As is the case throughout most of the country, trials are also on hold in Delaware’s state courts, with in-person jury trials not to take place until the Delaware Judiciary reaches Phase 3 of its four-phase reopening plan, though trials that don’t require a jury have been underway. Currently, Delaware courts are under Phase 2 of the plan. On July 6, Chief Justice Collins J. Seitz Jr. extended the state’s judicial emergency and said it’s expected to stay in Phase 2 until Aug. 6 and likely longer.
Wolfe said, based on the trials that have proceeded so far, he’s seen two predominant factors that seem to be key in a court system’s ability to resume trials. First, he said, courts have ensured they have access to a space large enough to hold everyone needed for a trial while maintaining social distancing guidelines, whether that be a large courtroom or a location such as a gymnasium or theater.

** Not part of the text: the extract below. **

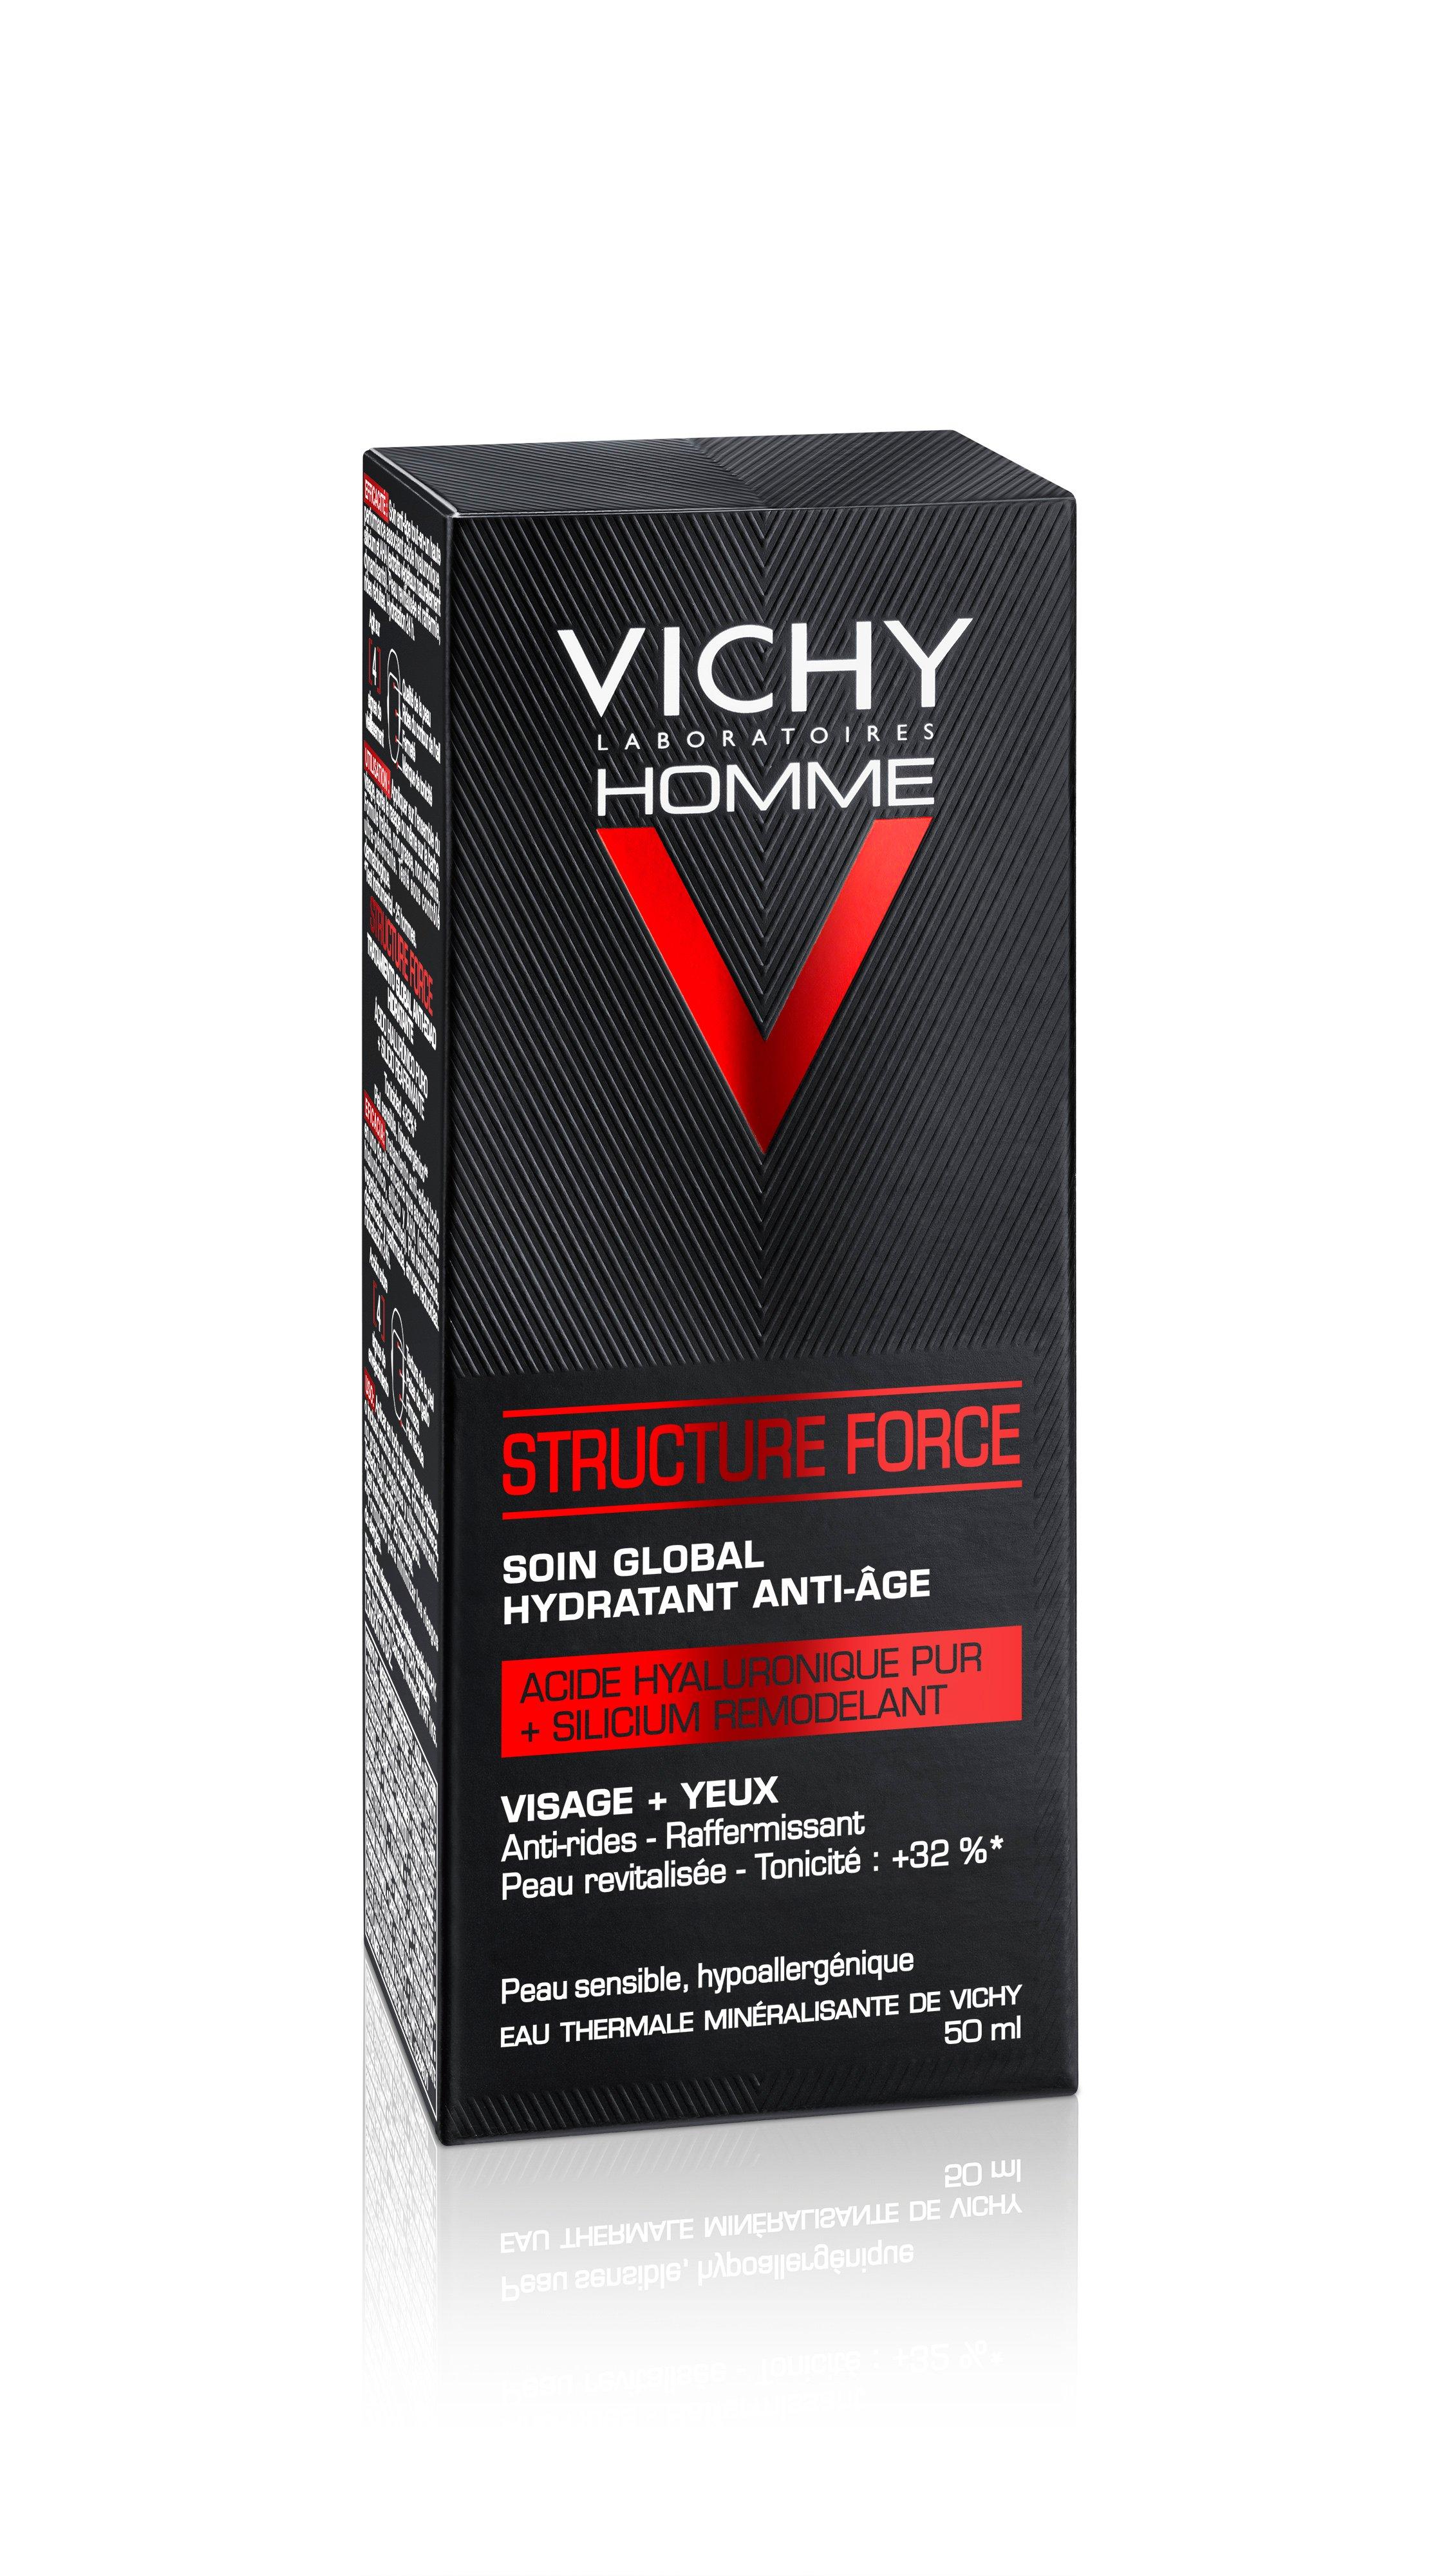 VICHY  Homme Structure Force - Komplette Anti-Aging Pflege für Gesicht & Augenkonturen

Second, Wolfe said, the courts that have been able to successfully start jury trials have been those in judiciary systems with good communication. He said it’s expected that people will be more likely to show up for jury duty if the court system has communicated to them the procedures in place for their safety beforehand.
“People have been fairly accommodating and understanding and appreciative that the court personnel have tried to work really hard to accommodate the jurors,” Wolfe said. “Anecdotally, several people have reported everybody being ‘more patient.’”
Magna recently surveyed 500 people nationwide in an attempt to gain insight on how prospective jurors’ attitudes might have been impacted by COVID-19. While the results of the survey are still being analyzed, Wolfe said 60% of those surveyed said they would be less critical of those working in health care than they might have been prior to the pandemic, while more than 80% said they were concerned about the safety of health care workers who are dealing with the virus directly, and 23% said they, a family member or a close friend has been a first responder who has addressed COVID-19.
“Certainly, (in) cases like medical malpractice cases, it’s that notion of a halo effect,” Wolfe said. “We saw this post-9/11 for firefighters and law enforcement officials, this positive perception. So certainly, we’re seeing that here.”
Wolfe said Magna has also noted that during both mock jury trials and proceedings involving remote witnesses during actual trials, jurors reported approval of seeing people speak via video call, rather than in front of them in a courtroom.
“They actually report a more positive experience because they can see the witnesses more closely, whereas in a courtroom, they might be more distant and it might make it more difficult for them to judge facial expressions and the like,” Wolfe said.